I don’t fault anyone who is scared of or scarred from eating beets as a child. I don’t recall ever being forced to eat one, but I must’ve bravely tried one because I’ll never forget the dirty taste. And soft! Who would eat a soft, pickled vegetable?! (Not talking about you, cucumbers, you crisp little loves!)

This year I sowed half a packet of beets next to the rutabagas. I only eat them one way—raw, shredded, and mixed with the lovely sweet, crunchy flavors of green apple and carrot. Today I dressed it with lime juice and a few petals of calendula. Rainbow salad! My kids haven’t fallen in love with beets, but we are eating them and having lots of fun doing it.

Our other garden recipe du jour is of the Hidden Valley variety. I told the kids about this restaurant that got famous for its salad dressing and they didn’t believe me. Who knows, maybe I just made it up.
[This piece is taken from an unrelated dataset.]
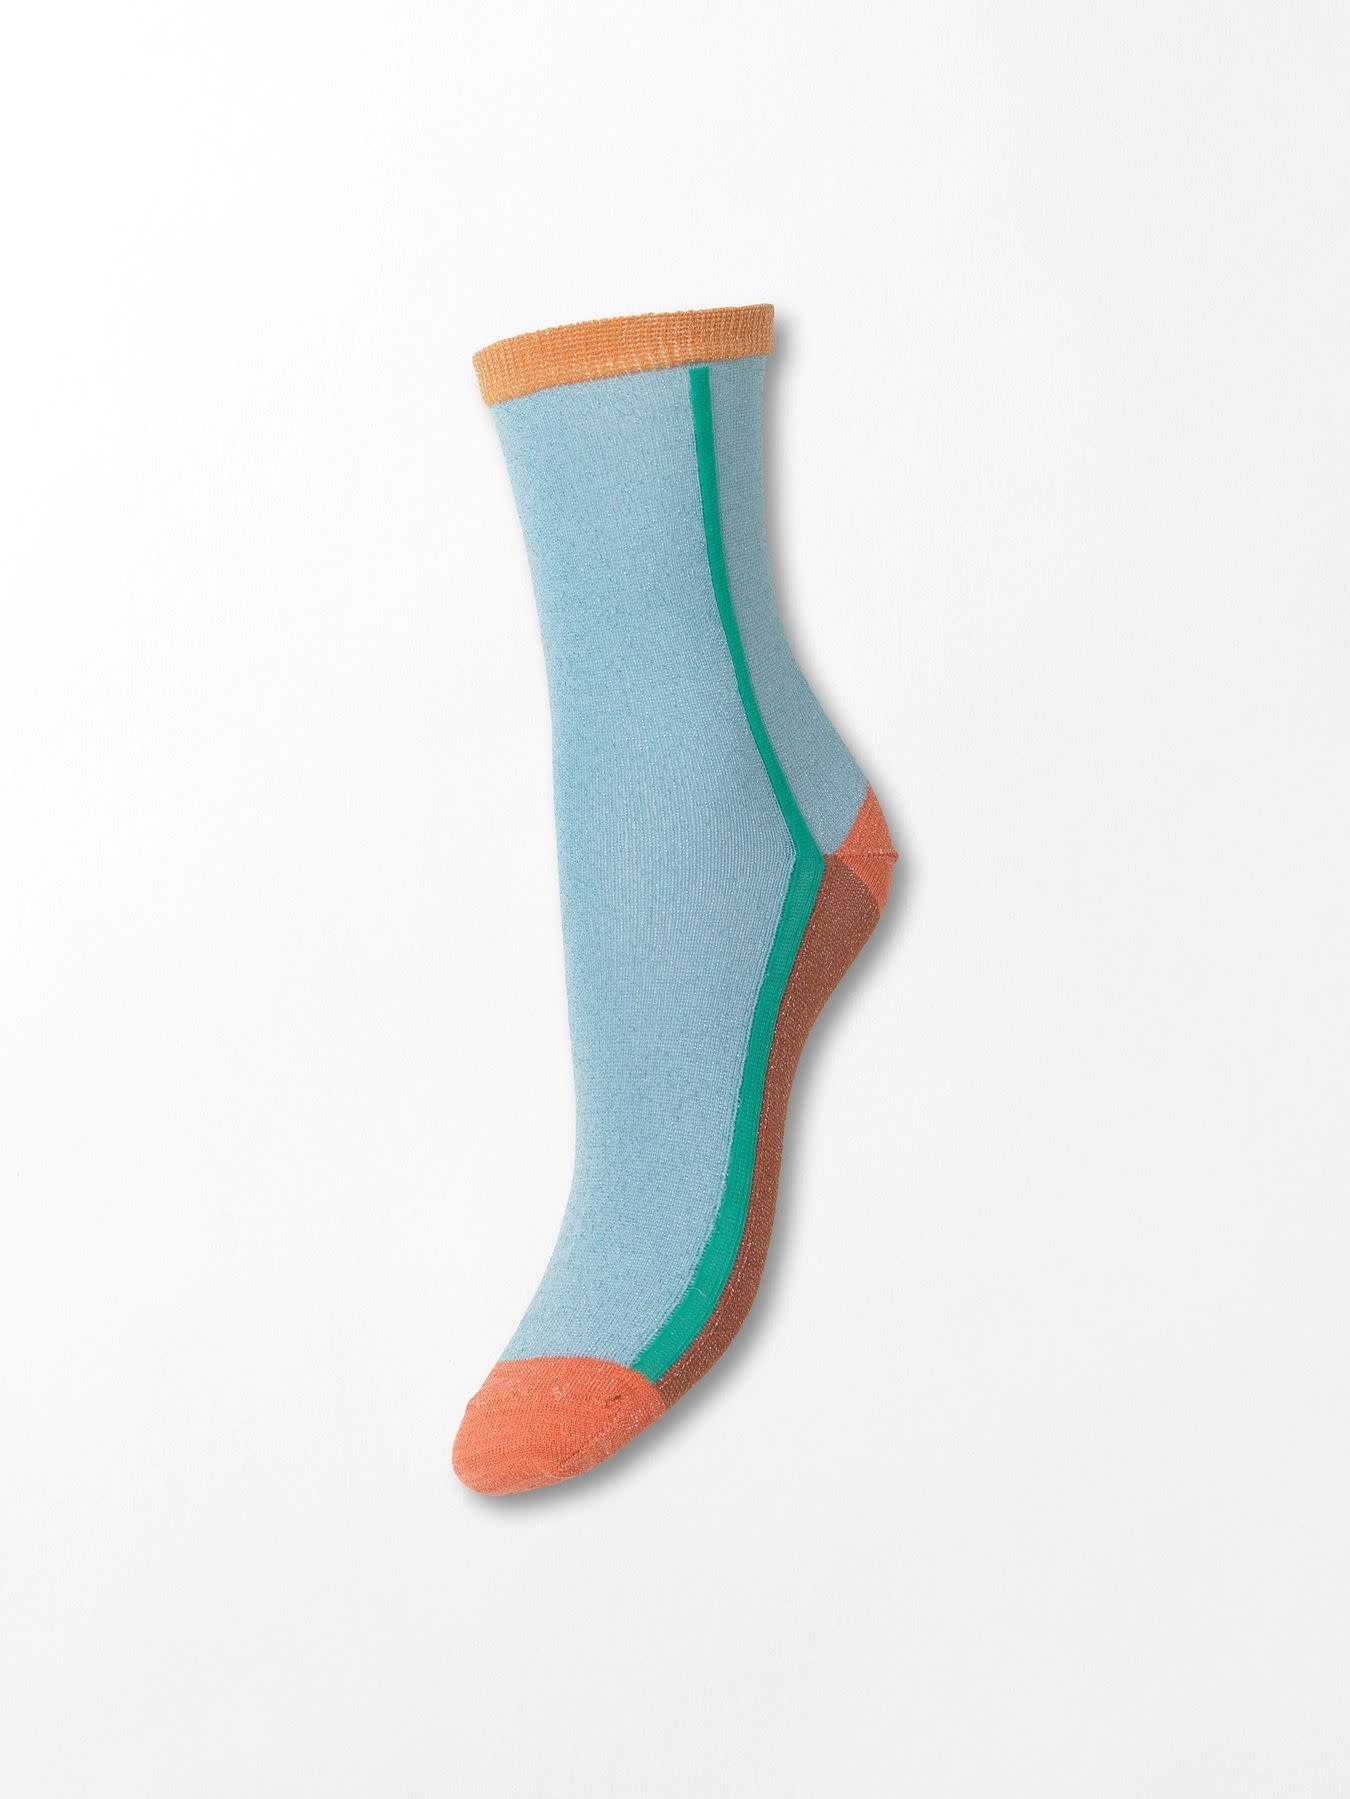 Beck Söndergaard Dean summerblock socks - Skyway 39/41

We chopped up parsley, dill, basil, and onion tops into some sour cream and added garlic powder, salt and pepper. I’m wishing I’d planted thyme and rosemary—I guess I still can!
These little recipes with beets and sour cream-topped fried potatoes go perfectly with the book Joe and I are reading right now about the royal Romanovs. All we are missing is tea and black bread and the exile to Siberia.

I wasn’t a big reader of gardening books till we moved back from Colorado, probably because my growing season their was very microclimate-limited and touchy. There wasn’t time for books—we hit the finally-thawed ground running. It was an experiment in will it grow? Here I think more along the lines of, how many times can I plant and harvest? Really, I take out a seed packet every time I weed or discard old, buggy broccoli plants and the like. I’ve stopped trying to record my sowing and harvesting days. Every time there is a new space, I put a seed in it. After I’ve gotten a few summer squash off a plant, I start a new plant alongside it to sprout so I can remove the old one before the bugs show up.

New bush beans to take the place of the old ones.

Coincidentally, I’ve come across this idea of succession planting and the “bounty gardener”—stretching seasons to grow and produce a maximum harvest. Why, growing up, did everyone plant their garden and let it go all to heck mid-July? (Certainly because it’s a way to celebrate the end of winter and the miracle of summer.)
Why is everyone trying to get rid of cucumbers and zucchini and tomatoes by the barrel full? (See answer to former question.)
But it does make sense to plant a little now, a little later. Who knew it was worth writing books about. It’s one of those sneaking suspicions you have but can’t articulate, then someone smarter than you does what you couldn’t.